I am reading the proof for the correspondence theorem in group theory:
$\phi$ is a surjective homomorphism $G_1 \longrightarrow G_2$, then $\phi$ is a bijection between A={subgroups of $G_1$ contains the kernal($\phi$)} and B={subgroups of $G_2$}
I know there are couple ways to state this theorem (subgroups of the $G/S$ correspond to the subgroups of $G$ containing $S$), but this is the version I am working on
(I already proved that $\phi(A) \in B$ domain A codomain B and $\phi^{-1}(B) \in A$)
Question: Generally when I want to prove something is a bijection, I show that its one to one and onto: $$f(x)=f(y) \implies x=y$$ $$ \forall x \in B \implies f(y) = x, y\in A$$ Here I can show $\phi$ is one to one by proving that preimage is unique: $$\phi^{-1}(\phi(x)) = x, x \in A$$ Do I need to worry about onto? my notes suggest that I prove: $$\phi(\phi^{-1}(y)) = y, y \in B$$ But I already showed that $\phi^{-1}(y) \in A$ is that not enough? am I missing something in my proof?
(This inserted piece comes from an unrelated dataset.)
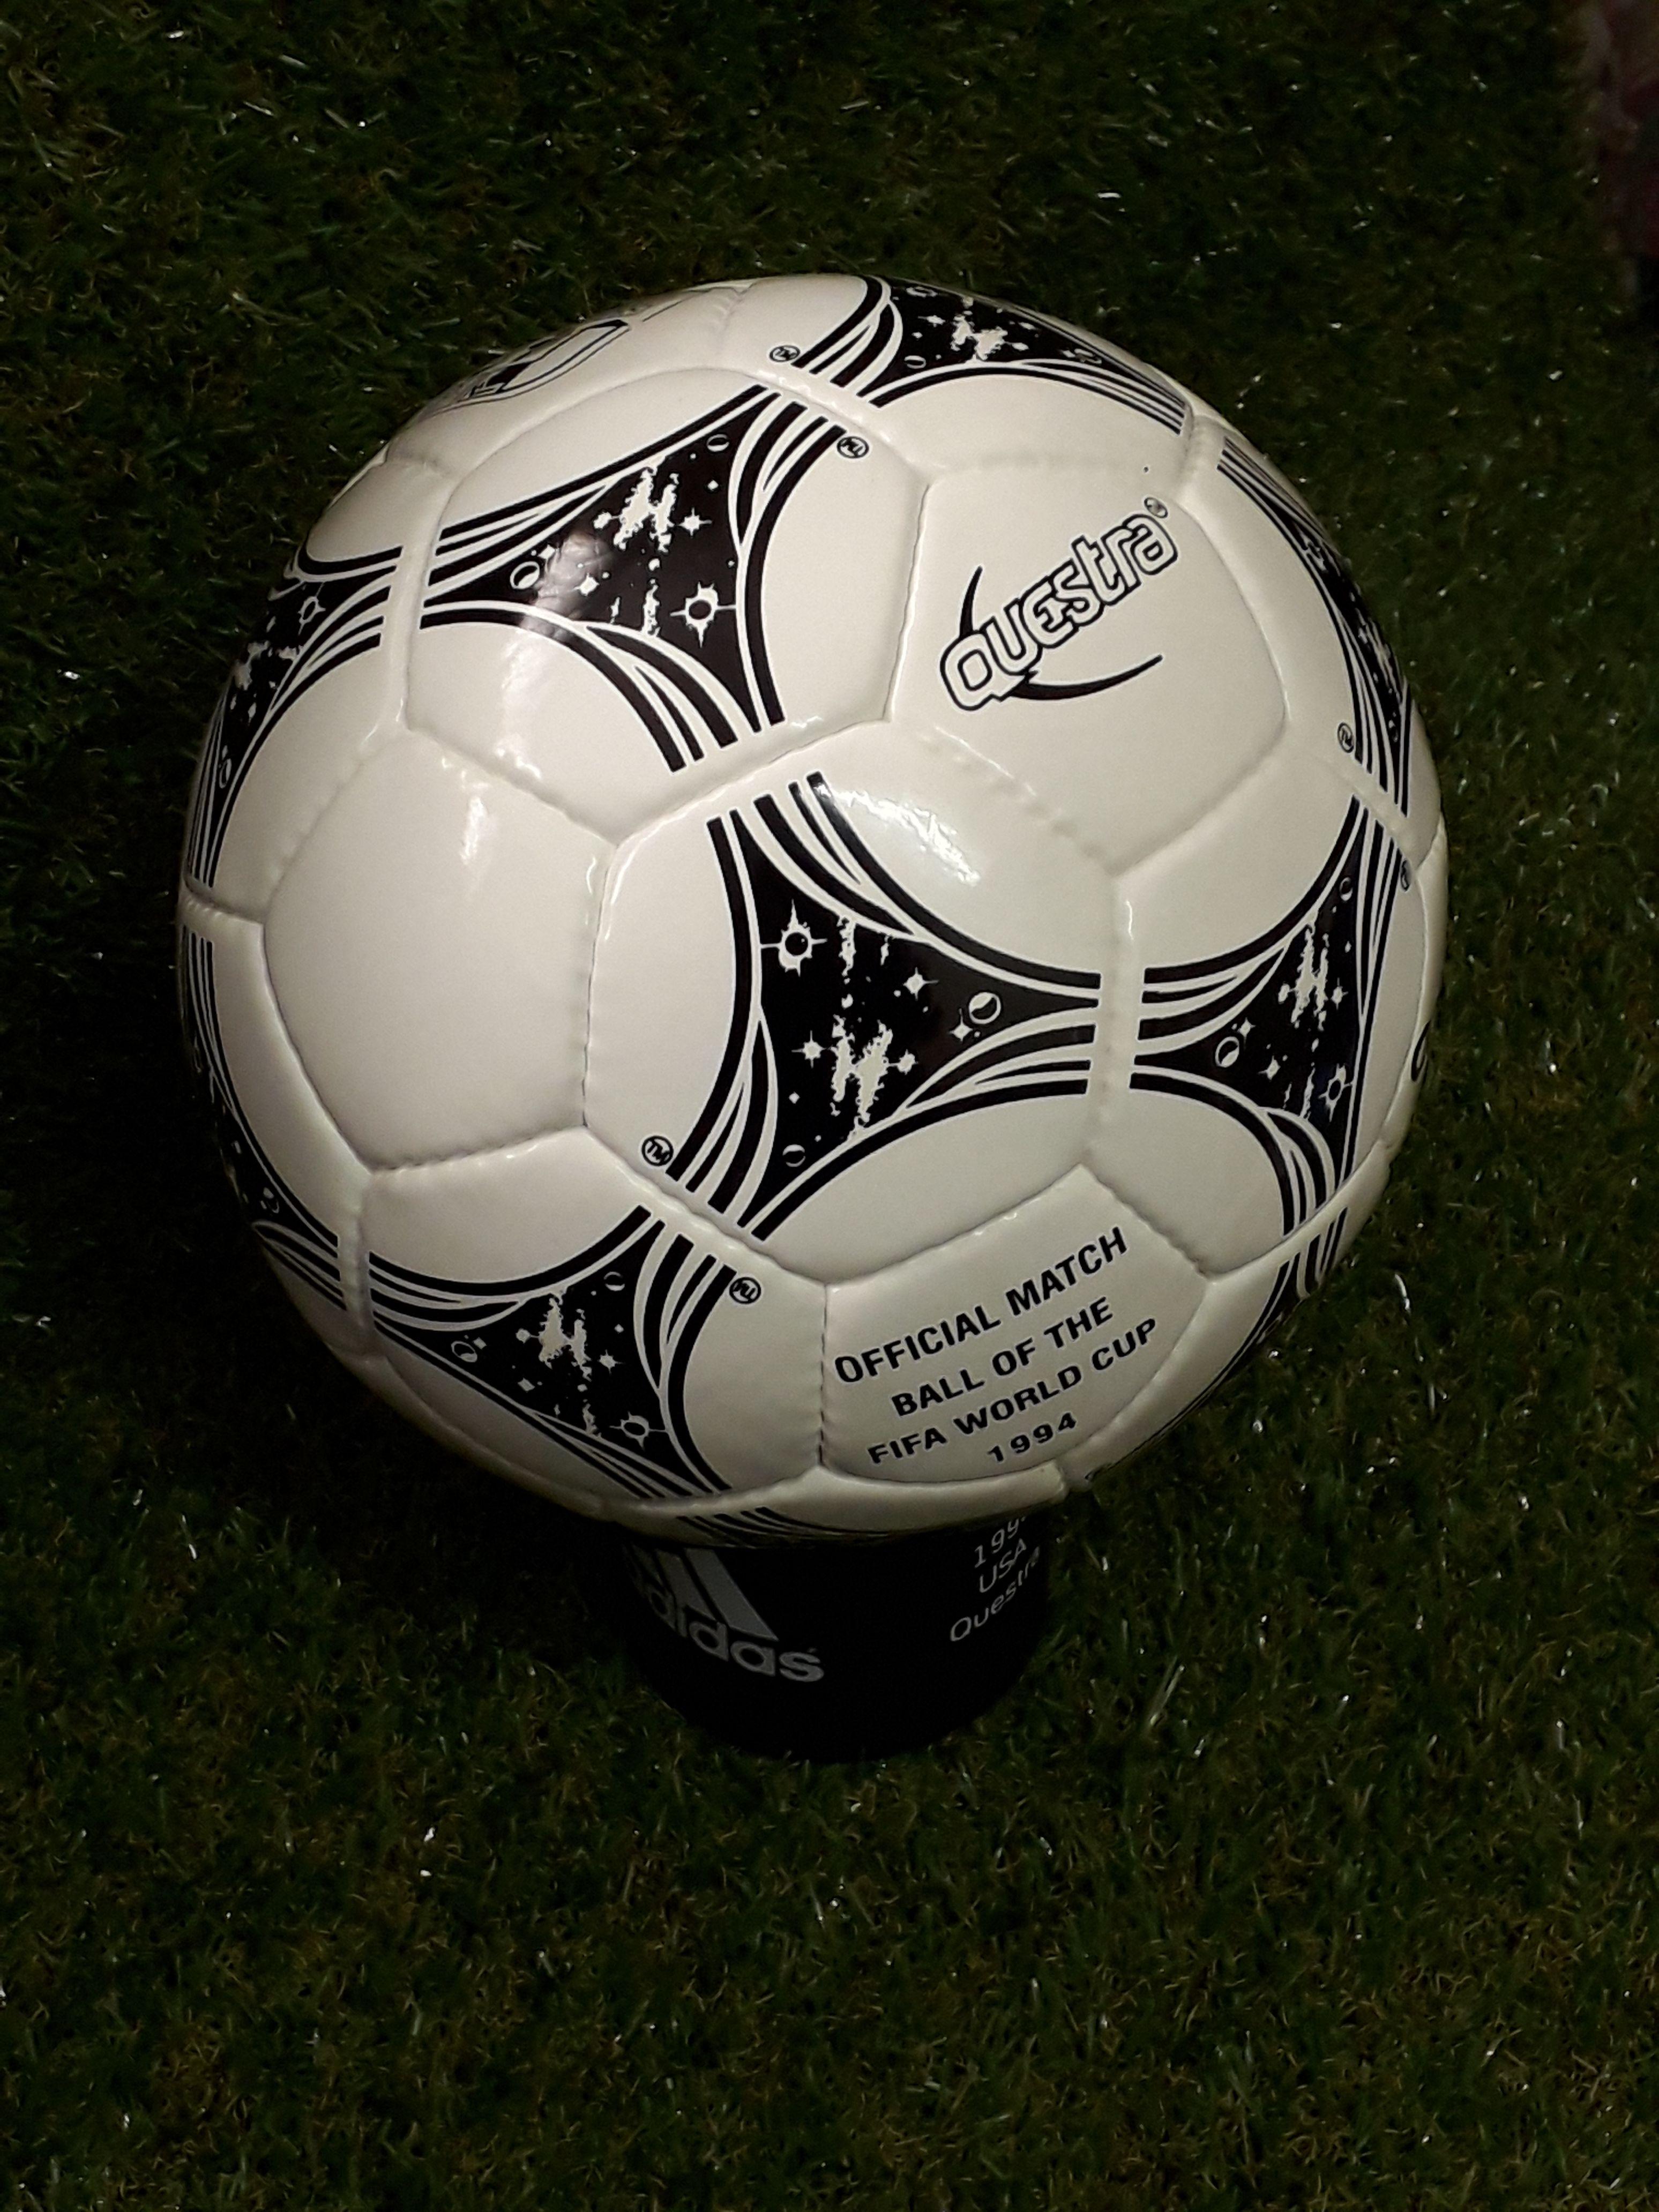 corazón perdido formar bolso  Adidas Questra 1994 | Soccer ball, World cup, Soccer

You may know $\phi^{-1}(y)\in A$, but does that imply $\phi(\phi^{-1}(y))=y?$
In general, suppose you have a function $f: A \rightarrow B$ between some sets $A$ and $B$. Another way to say $f$ is bijective, is to say there is a function $g: B \rightarrow A$ such that $g\circ f (a) = a$ for all $a\in A$, and $f\circ g (b)=b$ for all $b\in B$. The condition $g\circ f(a)=a$ is equivalent to $f$ being one-to-one, and $f\circ g(b)=b$ is equivalent to $f$ being onto.
Here you have $f=\phi$, $g=\phi^{-1}$. You have shown $g\circ f(a)=a$, but not $f\circ g(b)=b$. Showing $\phi^{-1}(b)\in A$ just says $\phi^{-1}$ is a function from $B$ to $A$.